Regulators Hope For Libor Pacts (WSJ)
Regulators investigating alleged interest-rate manipulation are hoping to reach settlements with at least three major financial institutions by the end of summer, according to a person familiar with the probes. It isn't clear if the companies will go along with any proposed settlements, and previous agreements with banks were delayed before being completed. So far, regulators have settled rate-rigging charges with Barclays, RBS, and UBS collecting about $2.5 billion in penalties. All three banks admitted that employees sought to rig rates.

Barclays to Unveil Numbers Earning 1 Million (FT)
Barclays is set to reveal the number of staff who earned above 1 million pounds ($1.5 million) last year, in a push for transparency that could turn the bank into a trailblazer for the sector. In its annual report next week, the British retail and investment bank will for the first time give an outline of the various pay brackets among its 140,000 staff, people close to the situation said. Analysts estimate that between 600 and 700 employees – mostly in the investment bank – will be revealed as having taken home more than 1 million pounds last year.

JPMorgan To Cut 17,000 Jobs (WSJ)
The move announced Tuesday by the New York company, the nation's most profitable bank in 2012 and the biggest U.S. lender by assets, will reduce its staff by 6.5% in one of the most aggressive reductions to date amid widespread financial-industry cutbacks.

Bond brawl: Singer v.
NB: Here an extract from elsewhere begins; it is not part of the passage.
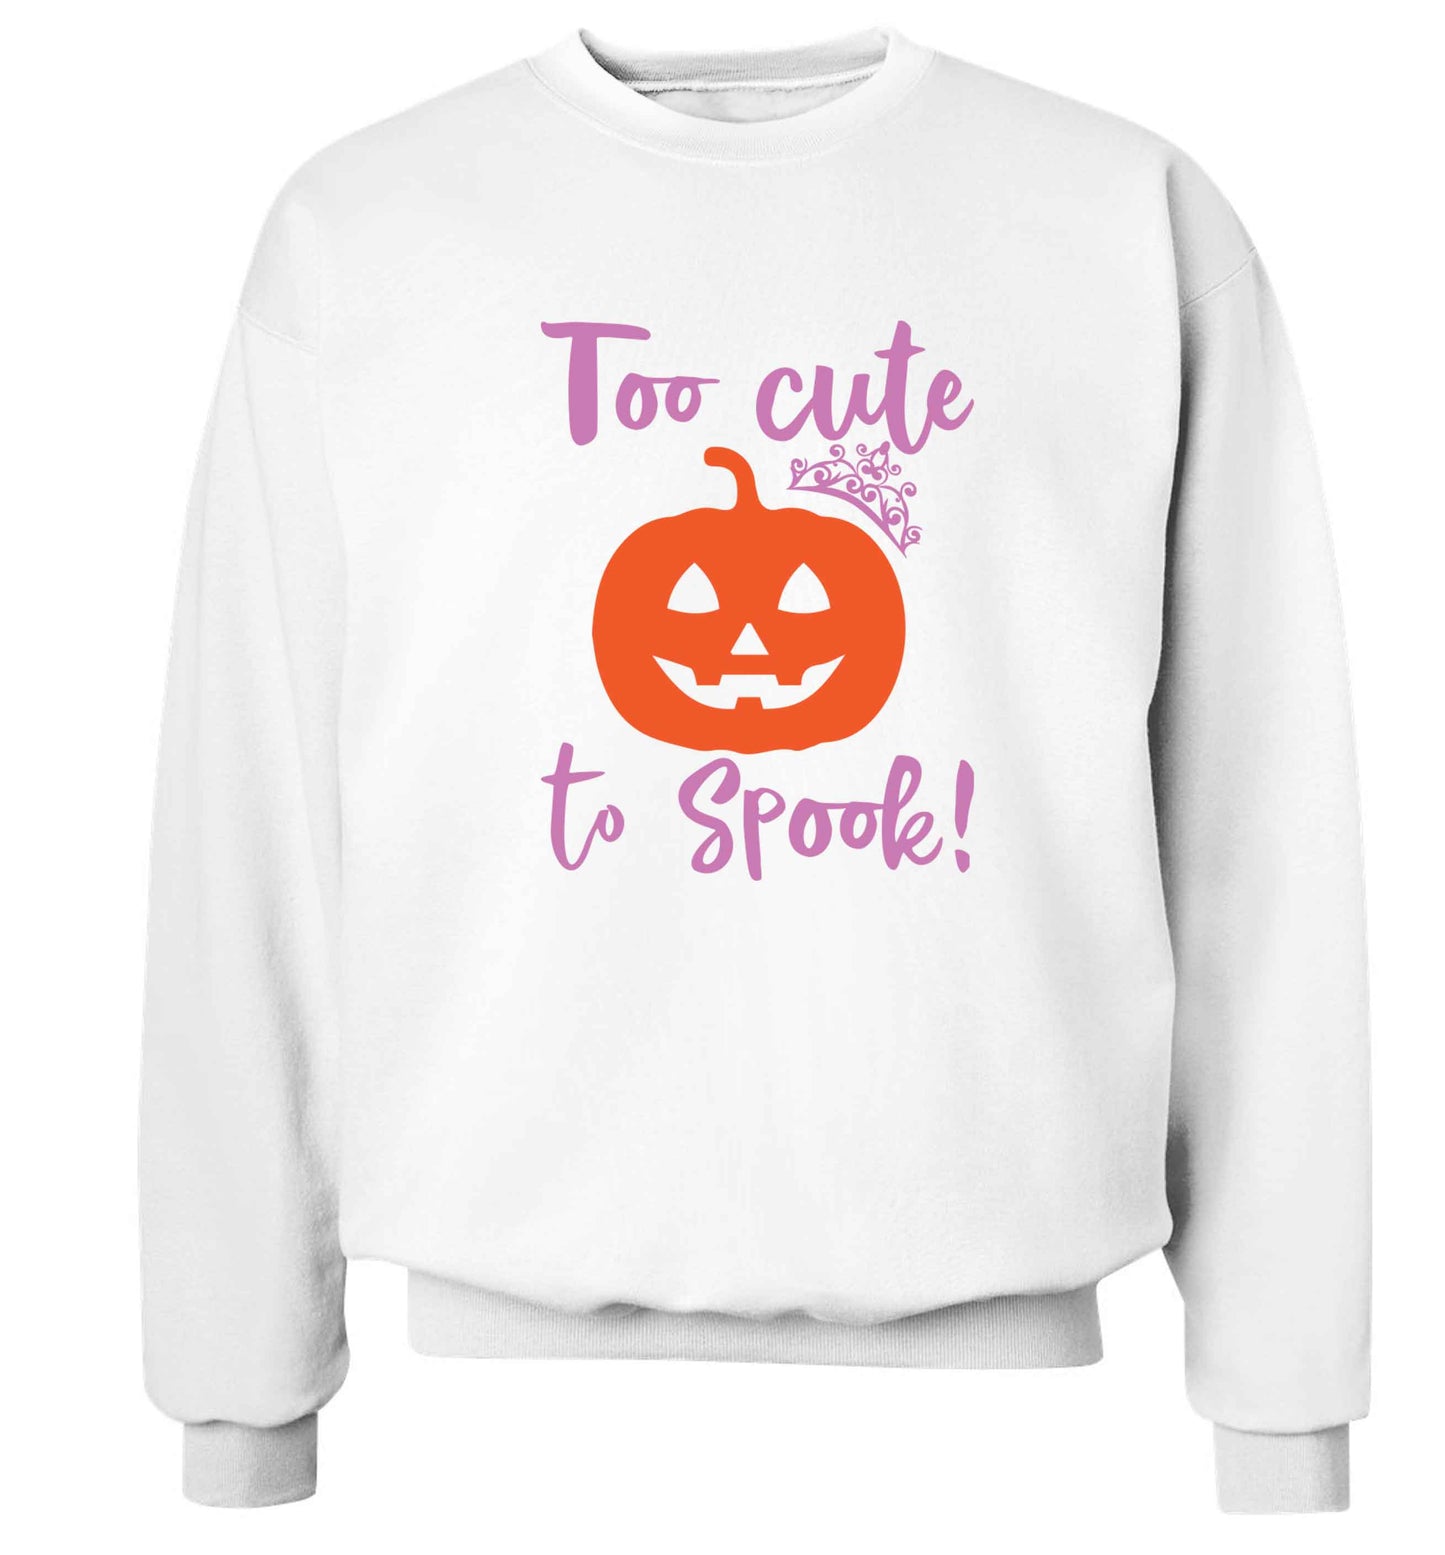 Too cute to spook! Adult's unisex white Sweater 2XL

Argentina today (NYP)
Lawyers Ted Olsen and David Boies will appear before a Manhattan US appeals court to argue over how $1.44 billion in Argentina debt should be paid. Olsen represents billionaire hedge fund magnate Paul Singer, who claims he and other bondholder holdouts should be paid alongside those holders who agreed to a steep haircut during a debt restructuring. Argentina President Cristina Kirchner has long insisted she will never pay “one dollar” to the Singer holdouts. Boies represents the bondholders who agreed to the restructuring — and they oppose Singer, believing that Argentina will never go along with a pro-holdout ruling, thus putting their bonds at risk of default.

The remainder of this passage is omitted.